Exercise aim:
Restate word for word all of the lines below, with each image left out.

Given information:
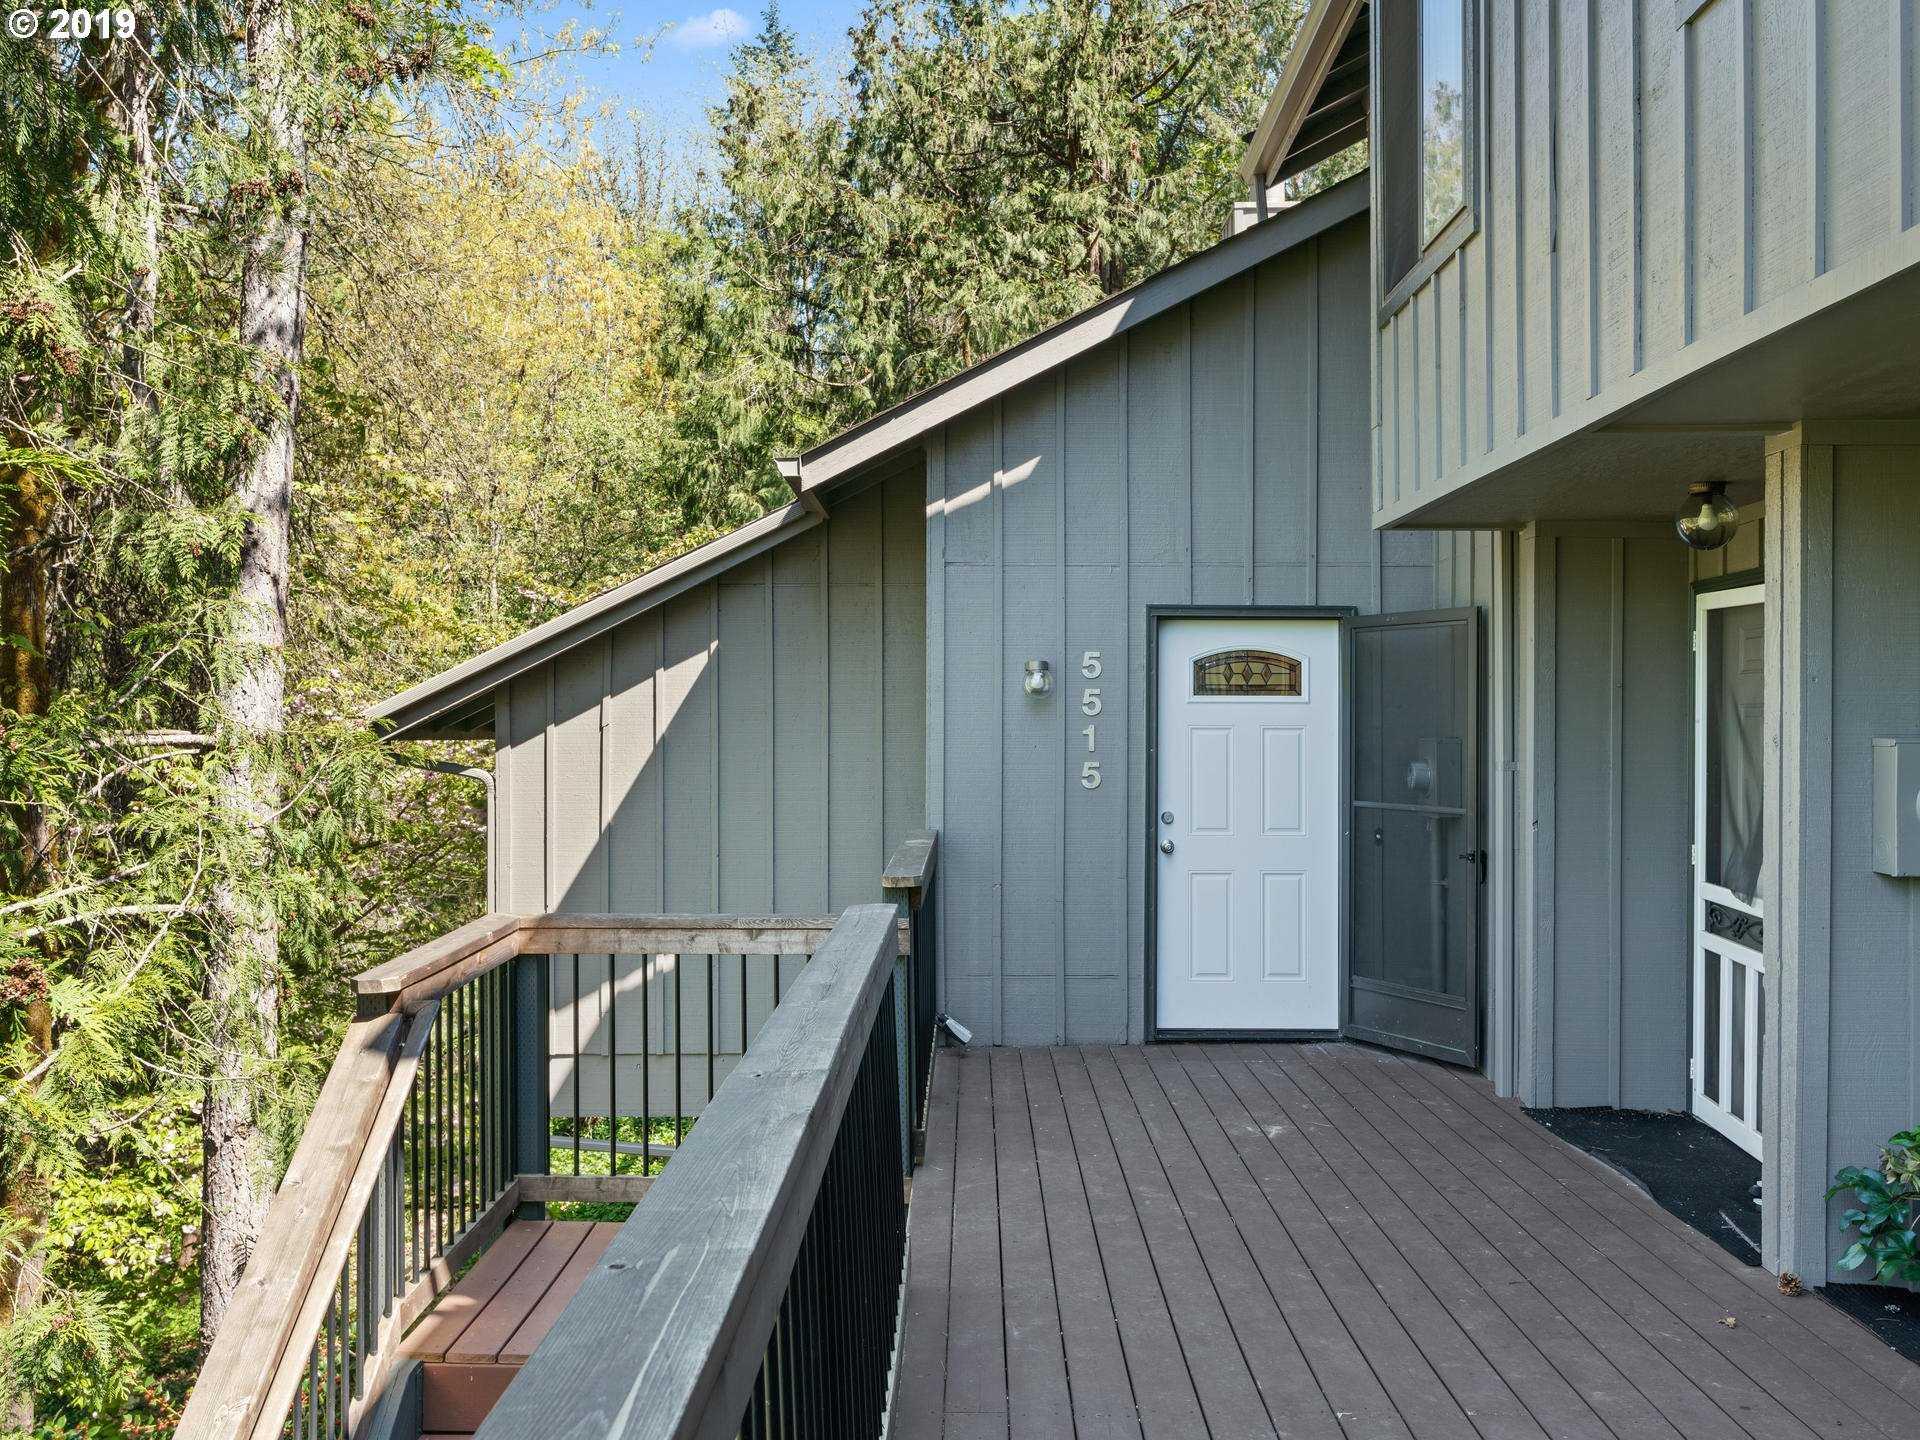 $232,000 - 3Br/2Ba -  for Sale in Hidden Village, Portland
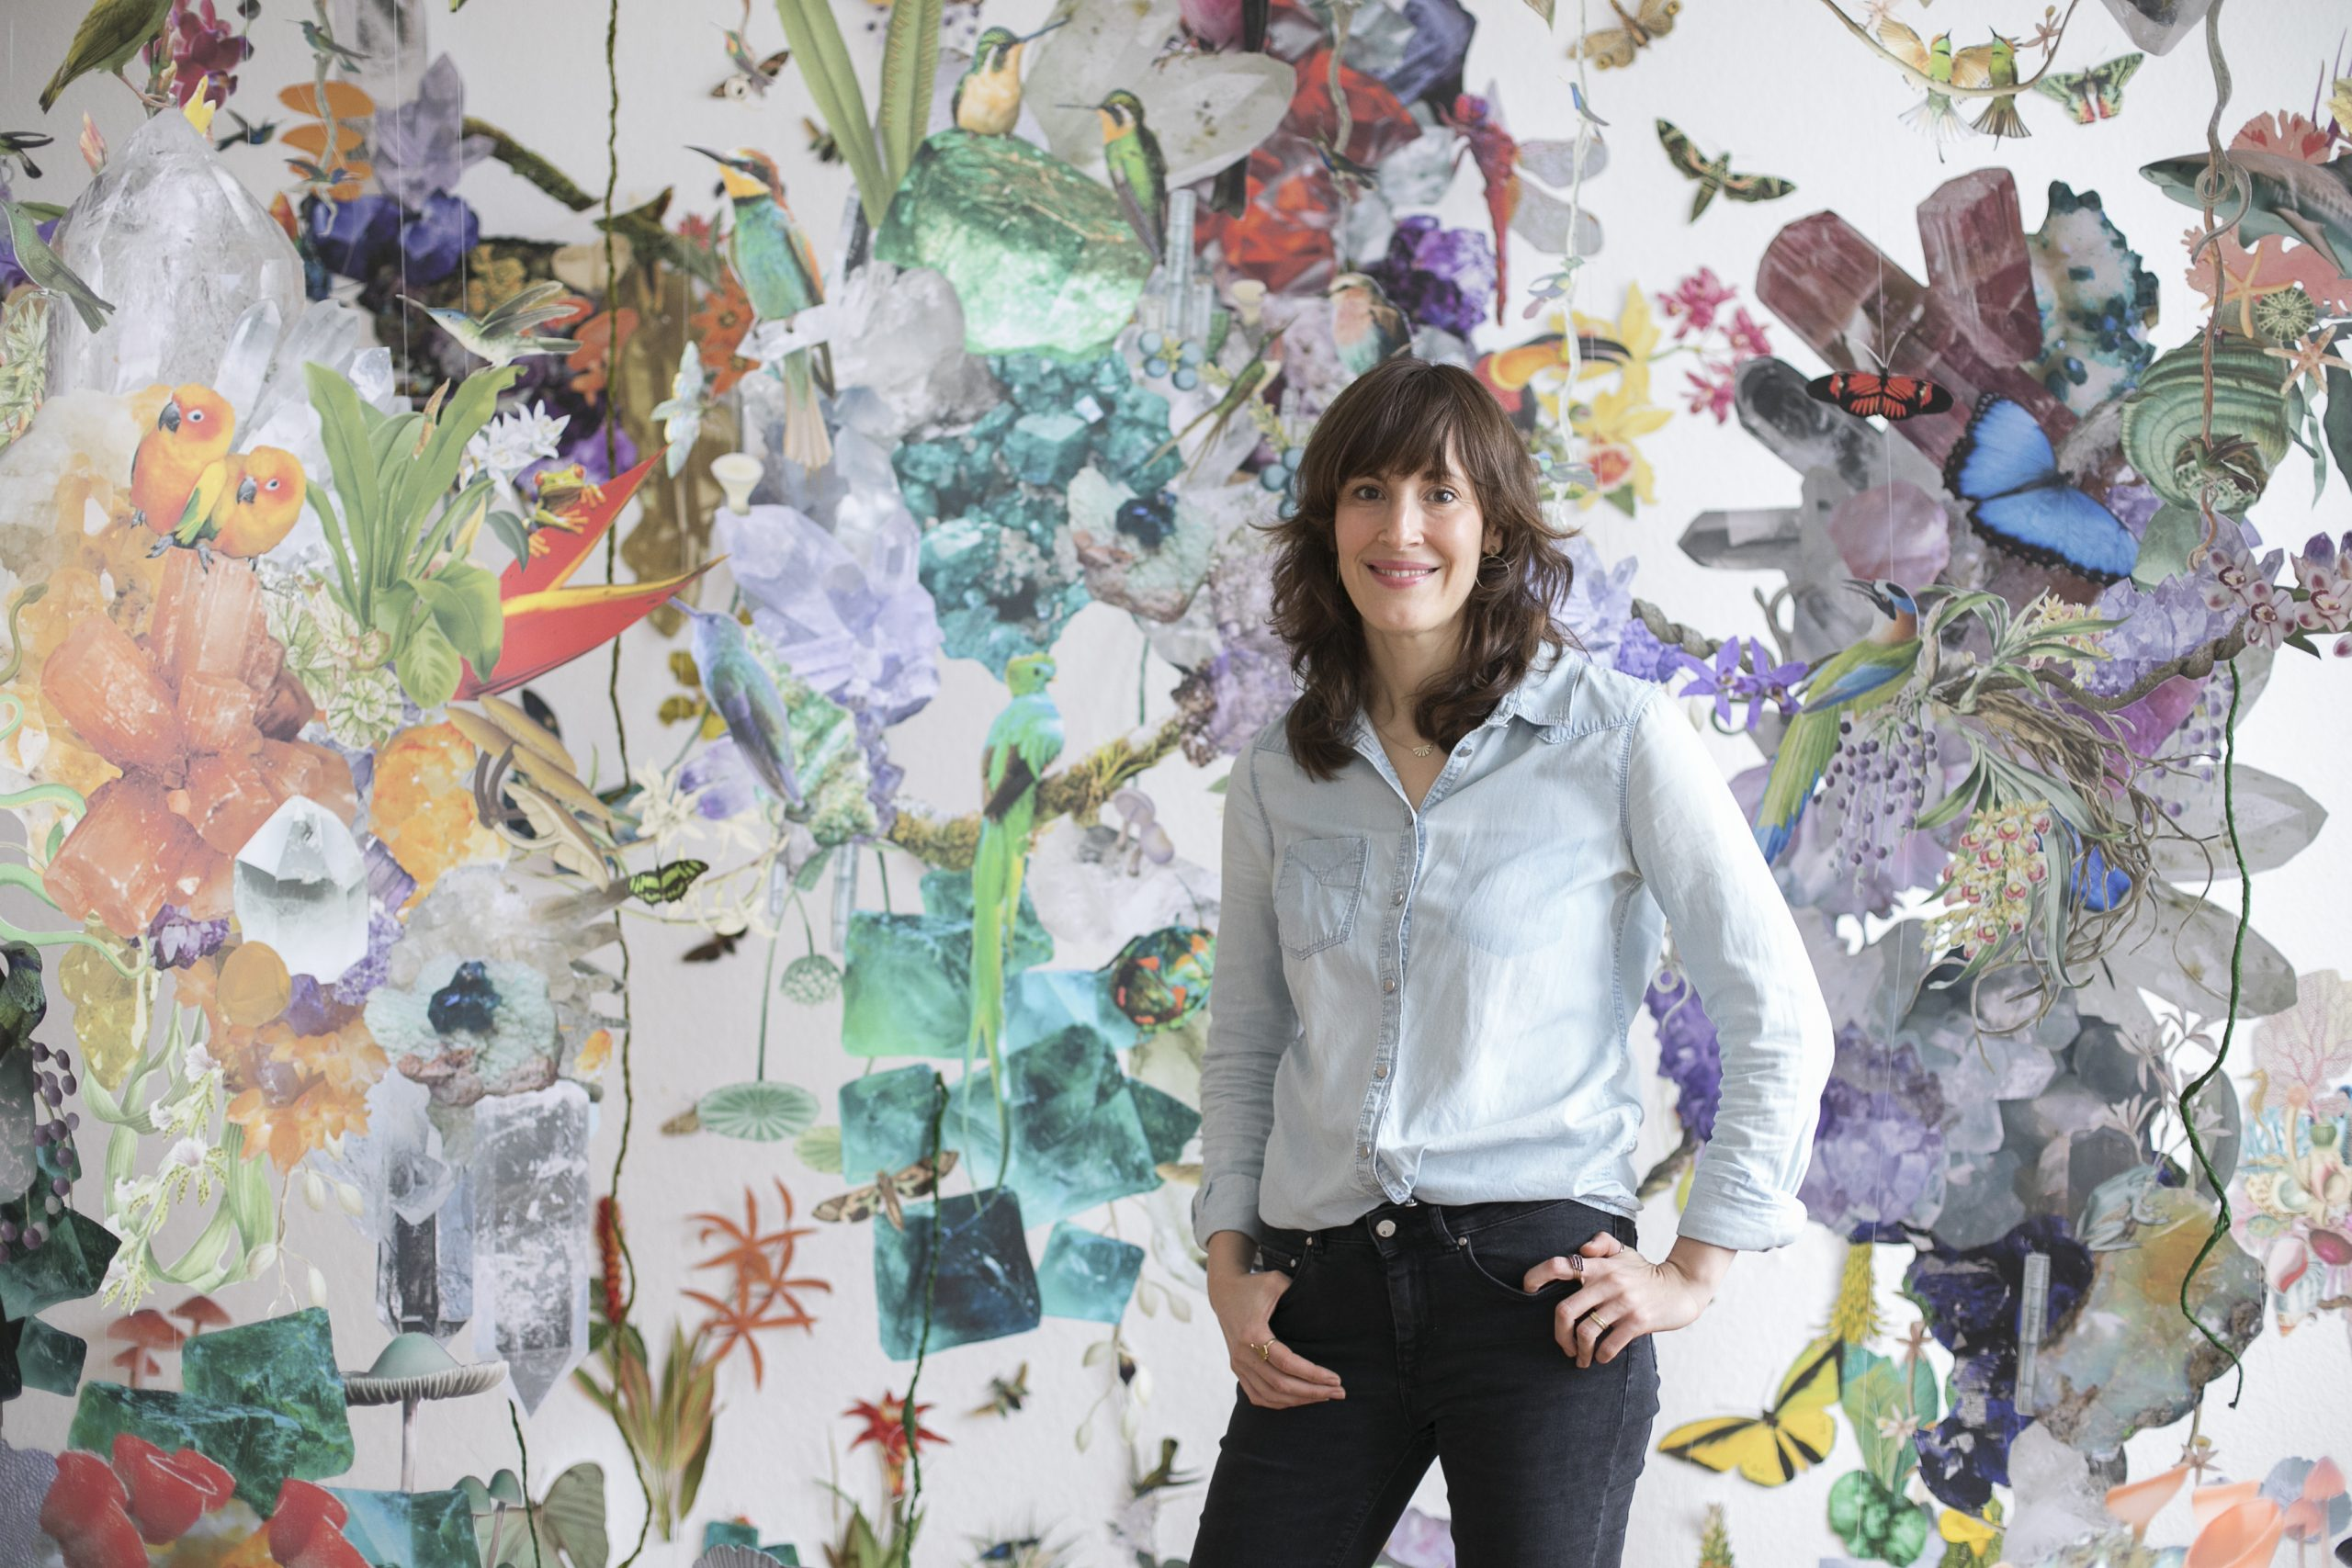 collage installation art featuring various biodiversity figures
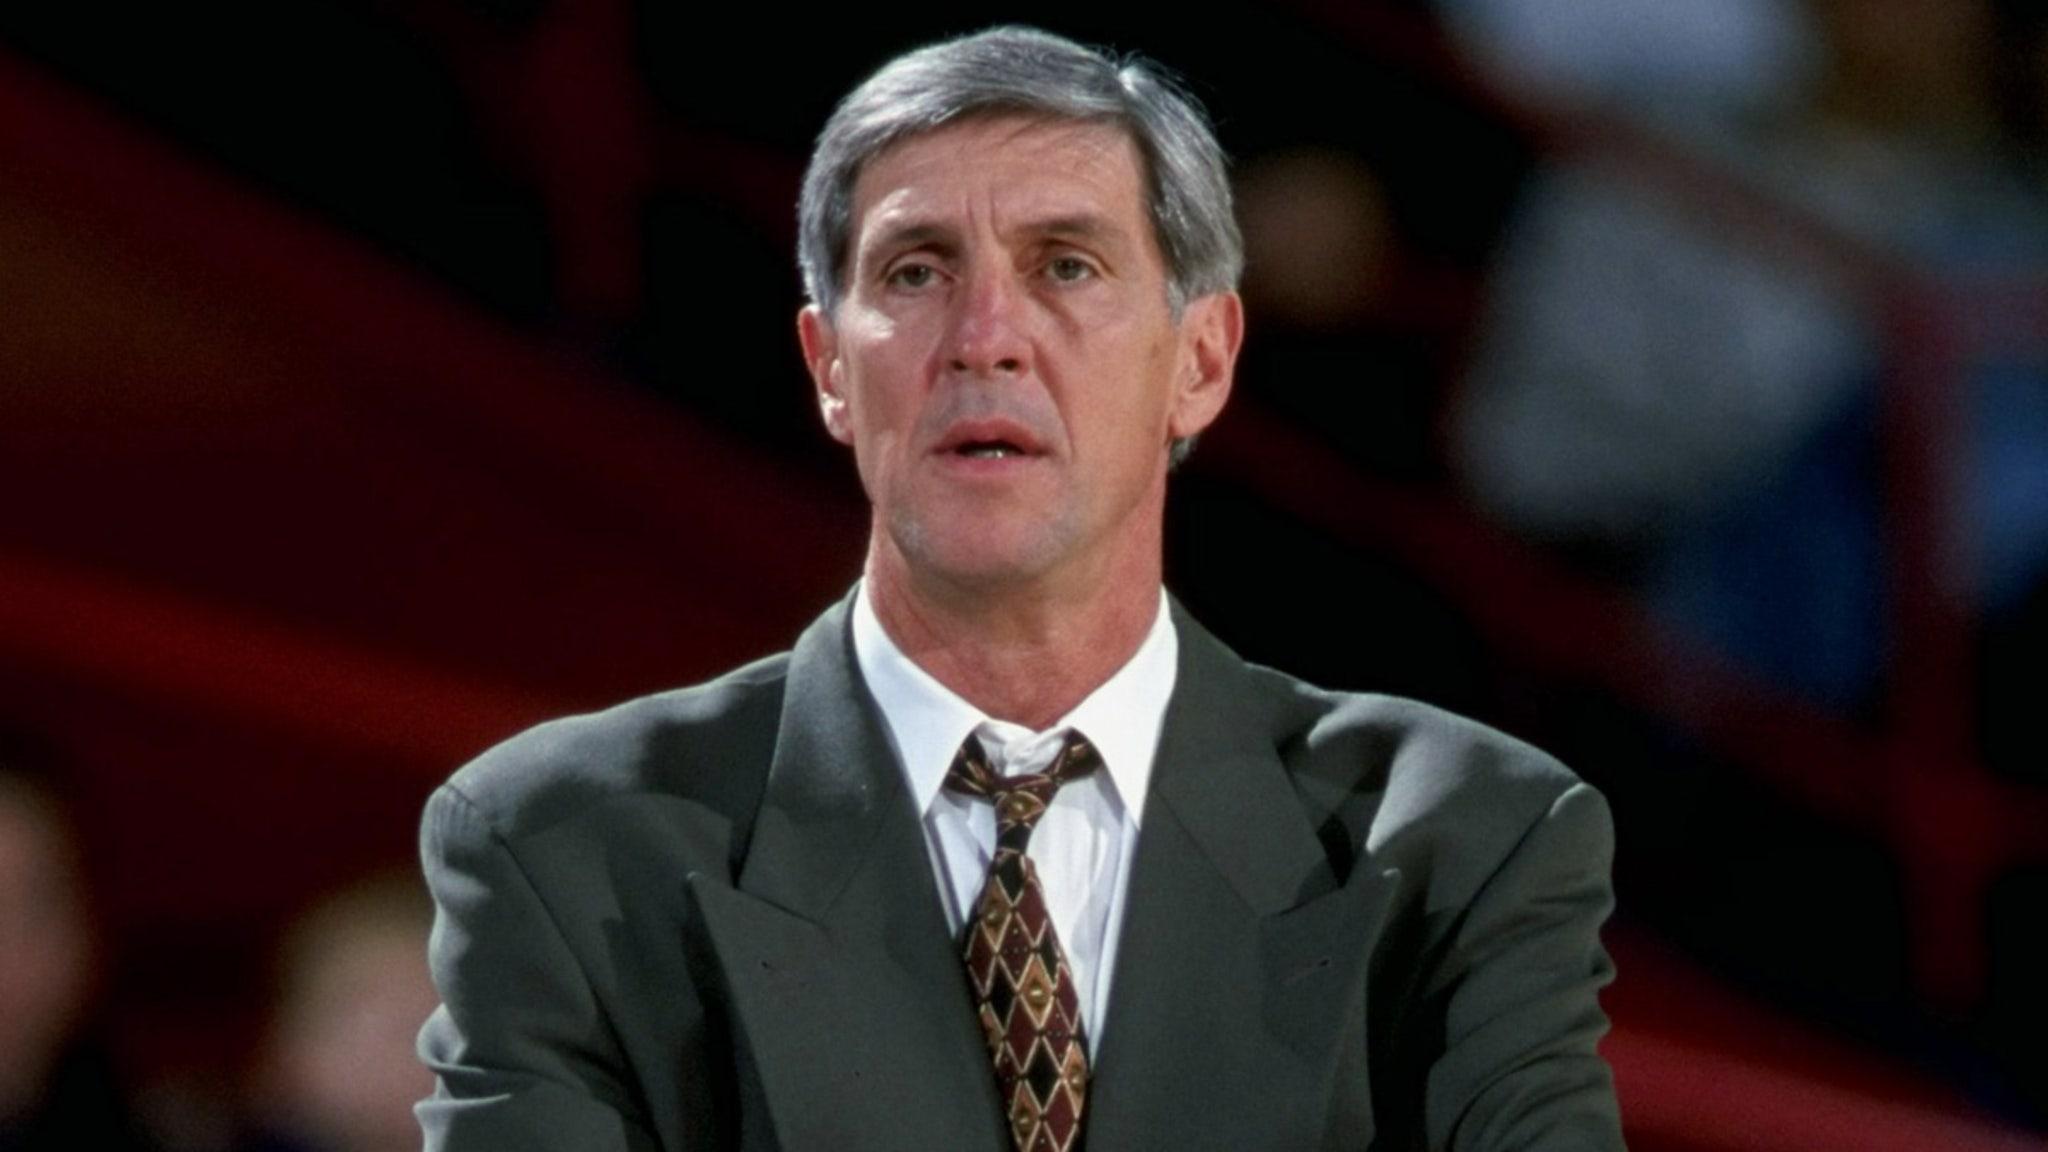 Jerry Sloan, Legendary NBA Utah Jazz Coach, Dead at 78

Written reply:
 $232,000 - 3Br/2Ba -  for Sale in Hidden Village, Portland
 collage installation art featuring various biodiversity figures
 Jerry Sloan, Legendary NBA Utah Jazz Coach, Dead at 78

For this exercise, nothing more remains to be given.